Rahman, et al. Expires December 31, 2017 [Page 9]
Internet-Draft Deployment Considerations for ICN June 2017
5.1.2. FP7 SAIL Trial
The Network of Information (NetInf) is the approach to Information-
Centric Networking developed by the European Union (EU) FP7 SAIL
project (http://www.sail-project.eu/). NetInf provides both name-
based forwarding with CCNx-like semantics and name resolution (for
indirection and late-binding). The NetInf architecture supports
different deployment options through its convergence layer
abstraction. In its first prototypes and trials, NetInf was deployed
mostly in an HTTP embedding and in a UDP overlay following the
overlay deployment configuration in Section 3.2. Reference
[SAIL_NetInf] describes several trials including a stadium
environment large crowd scenario and a multi-site testbed, leveraging
NetInf's Routing Hint approach for routing scalability.
5.1.3. NDN Testbed
The Named Data Networking (NDN) is one of the research projects
funded by the National Science Foundation (NSF) of the USA as part of
the Future Internet Architecture Program. The original NDN proposal
was positioned as a wholesale replacement of IP (Section 3.1).

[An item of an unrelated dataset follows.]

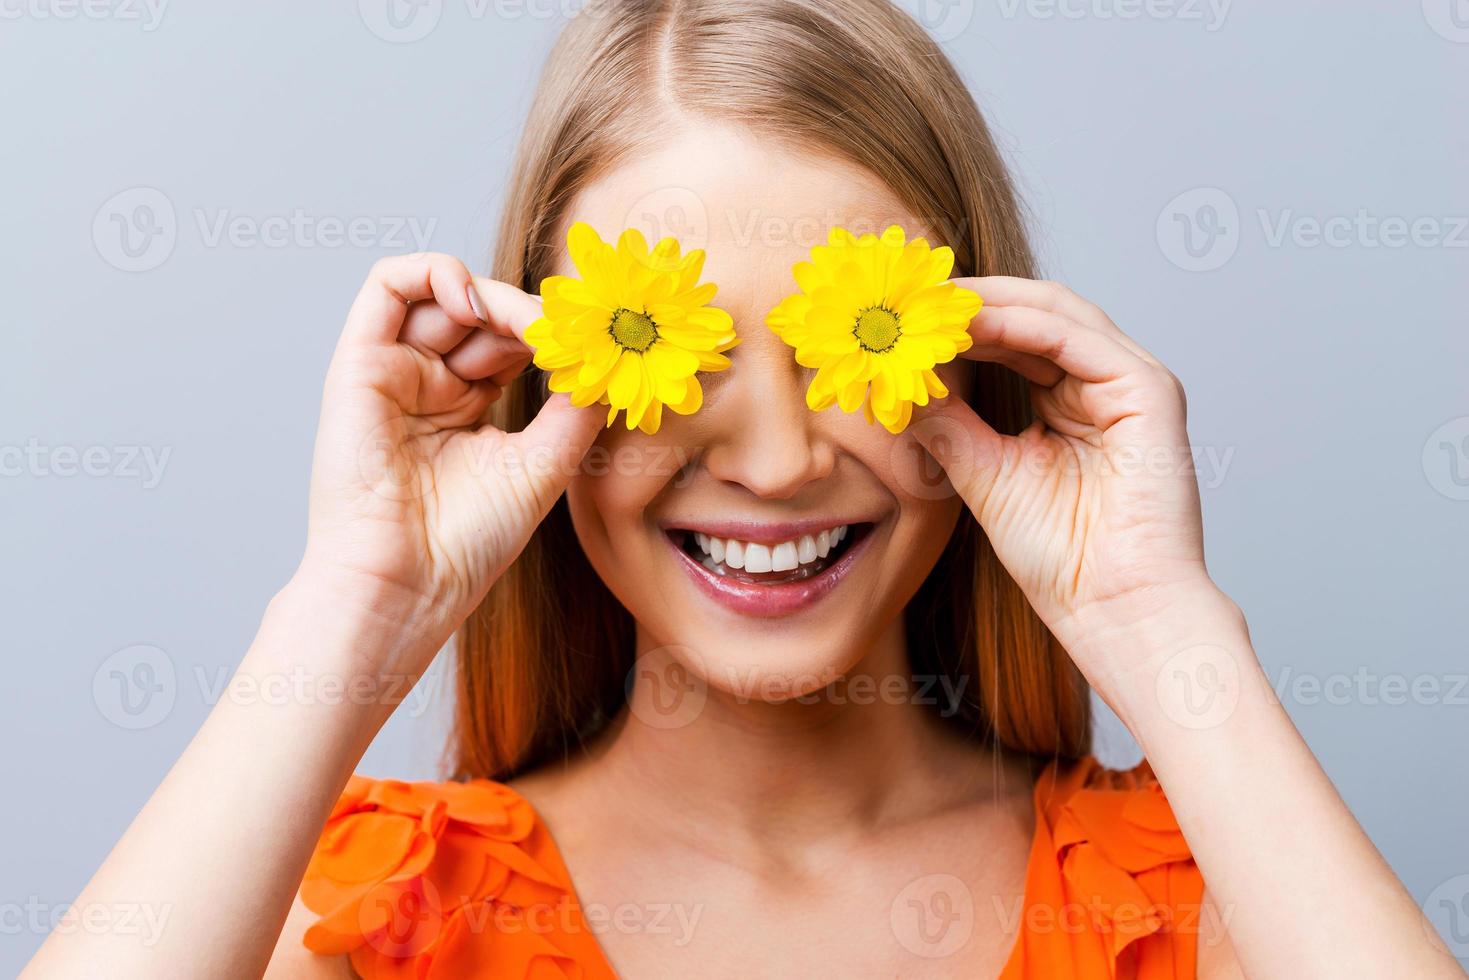 estado de ánimo de verano. bella joven con un bonito vestido sosteniendo flores frente a sus ojos mientras se enfrenta a un fondo gris foto

However, in several trials, NDN generally follows the overlay
deployment configuration of Section 3.2 to connect institutions over
the public Internet across several continents. The use cases covered
in the trials include real-time video-conferencing, geo-locating, and
interfacing to consumer applications. Typical trials involve several
hundred NDN enabled nodes (https://named-data.net/ndn-testbed/).
5.1.4. ICN2020 Efforts
ICN2020 is an ICN related research project funded by the EU as part
of the H2020 research and innovation program
(http://www.icn2020.org/). ICN2020 has a specific focus to advance
ICN towards real-world deployments through innovative applications
and global scale experimentation. Both NDN and CCN approaches are
within the scope of the project.
ICN2020 was kicked off in late 2016 and so has not yet published
results relating to deployment trials. The plan, however, is to
involve ICN testbeds in EU, Japan and the USA and federate them. The
GEANT testbed (https://www.geant.org/) is being considered as one
means to federate the different ICN testbeds in the overlay
deployment configuration of Section 3.2 over the public Internet.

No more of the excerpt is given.